Personal details
- Born: January 7, 1985 (age 41) Burgas, Bulgaria
- Party: Attack
- Children: 1
- Occupation: Politician, television presenter, journalist

= Kalina Krumova =

Bulgarian politician, television presenter and journalist

Kalina Venelinova Krumova (Bulgarian: Калина Венелинова Крумова; born 7 January 1985, Burgas, Bulgaria) is a Bulgarian politician, television presenter and journalist. She was elected to the 41st National Assembly of Bulgaria as a member of the Ataka Party in the 2009 parliamentary election. She is the youngest MP in Bulgaria.

==Biography==

===Education===
Krumova completed her secondary education at a school for Romance languages in Burgas, where she specialised in French. She then studied for a BA in world economy (with a thesis on "Economics of a socio-cultural sphere") at the local university, and later took a master's degree in journalism and mass media.

As well as her native Bulgarian, Krumova is fluent in French and has a working knowledge of English and Italian.

===Career===

Kalina Krumova was host for the SKAT TV show Early Buzz.

===Politics===

Krumova stood for the Ataka Party in the Bulgarian parliamentary election and was duly elected. She was the youngest Member of Parliament for the 41st National Assembly.
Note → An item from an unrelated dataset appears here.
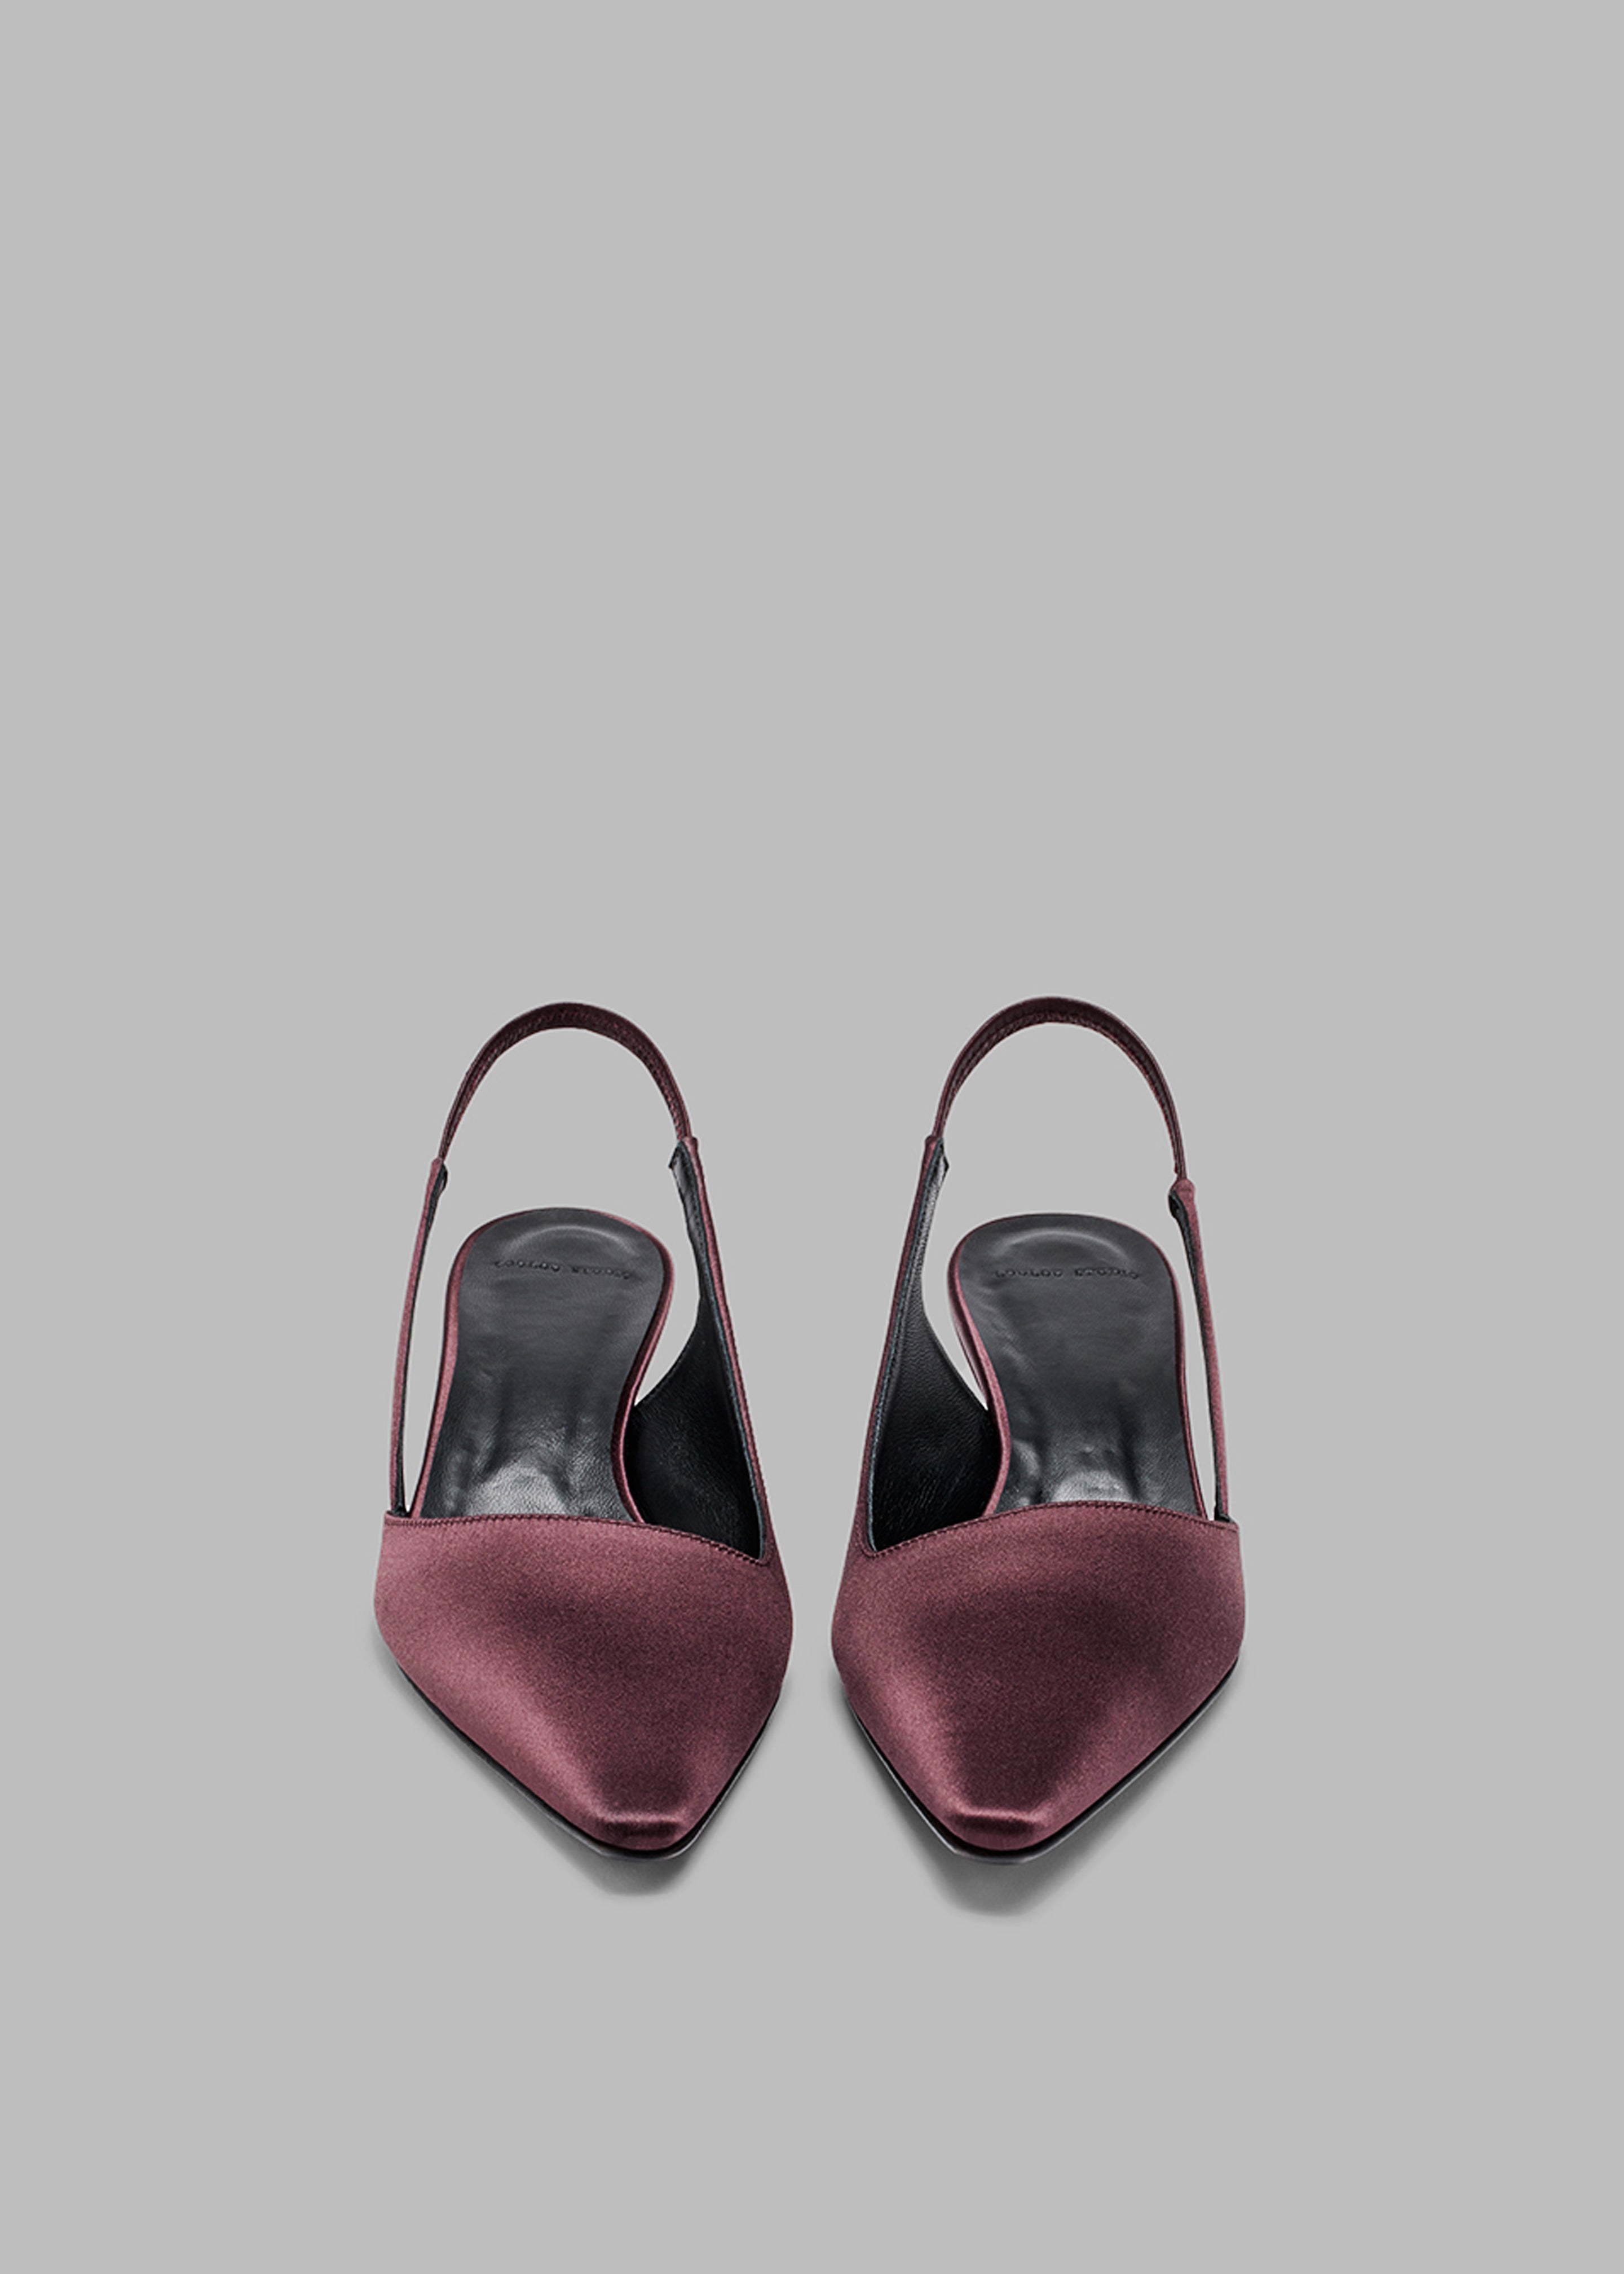 Loulou Studio Sulue Slingback Kitten Heel Shoes - Midnight Bordeaux - 3

On 25 November 2011 she filed an application to leave the Ataka parliamentary group, thus becoming the seventh MP to leave the party.

===Personal life===

Krumova has a son.

==2012 Burgas bus bombing==

When the 2012 Burgas bus bombing occurred in her home town, Krumova rushed in jeans and sandals to the hospital where the injured were being treated, and stayed there during the entire night alongside the Israeli aid teams. She assisted in translations for the aid teams and in communicating with the injured, since many of the hospital staff did not speak English. Professor Gabi Barbash, head of the Israeli rescue mission, said, "Without her, we would have been deaf and dumb."